A Wild Horse Named Rienzi


My wife’s wild horse Rienzi sprints from her corral to join the cows in the morning at our farm in Grays Chapel, North Carolina. Rienzi is a 28 year old wild Mustang mare my wife and I adopted from the BLM when she was a yearling. She came from near Lake Tahoe in California and is named for a famous horse ridden by Philip Sheridan during the Civil War (Sheridan had his Rienzi stuffed and placed on display at the Smithsonian Institute). Our Rienzi spends her days grazing with our cattle herd and her nights in her 100 year old stall originally built for mules (she comes in on her own every evening). She’s in excellent shape and very docile. She was trained to ride, but we don’t ride her anymore except for the occasional bareback jaunt by my son Devin. I think she really thinks she is a cow now; she is definitely a herd animal. Rienzi is lucky, but a lot of her cousins aren’t. Right now there are thousands of Mustangs in BLM holding pens, removed from government land. Some will be adopted, but it seems that many are to be sold for meat. Most of this removal is unnecessary and pushed by big western cattle interests. Several groups are pushing the government to stop these removals. Information on supporting wild horses and their preservation is available at http://www.wildhorsepreservation.com/. Go there. Wild horses need your help.

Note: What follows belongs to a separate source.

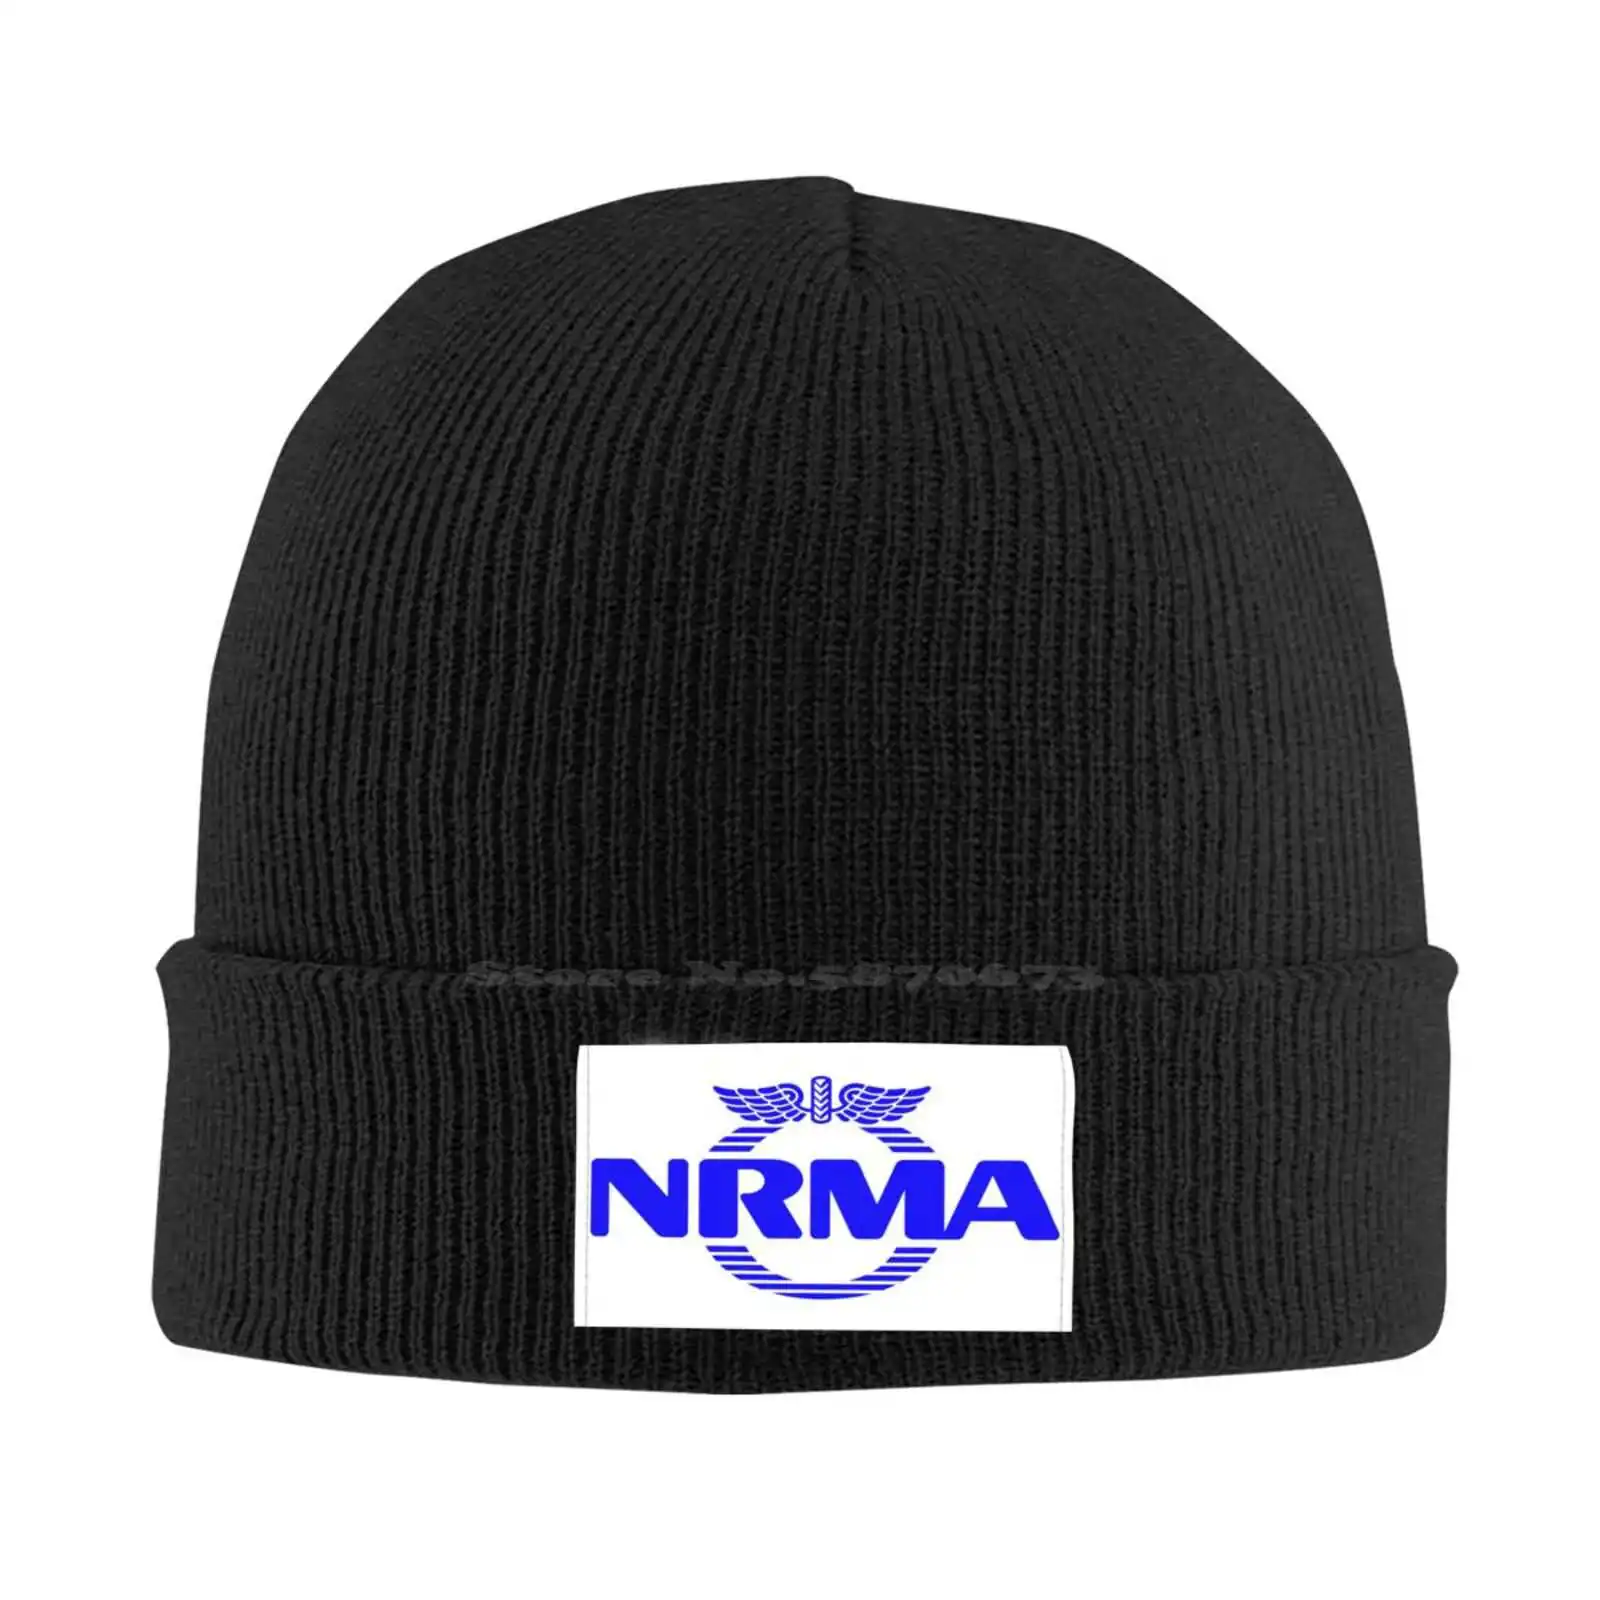 

Nrma Logo Fashion cap quality Baseball cap Knitted hat

(photographs copyright 2009 by Dan Routh)

Farrier


This morning our farrier (a person that shoes horses) Charlie Stone came by and shod our 28 year old mustang horse Rienzi. Charlie has been shoeing Rienzi since my wife adopted her from the U S Bureau of Land Management some 27 years ago. Charlie’s care is one reason Rienzi’s feet are in such good shape still. That and the fact that she has never worked a day in her life.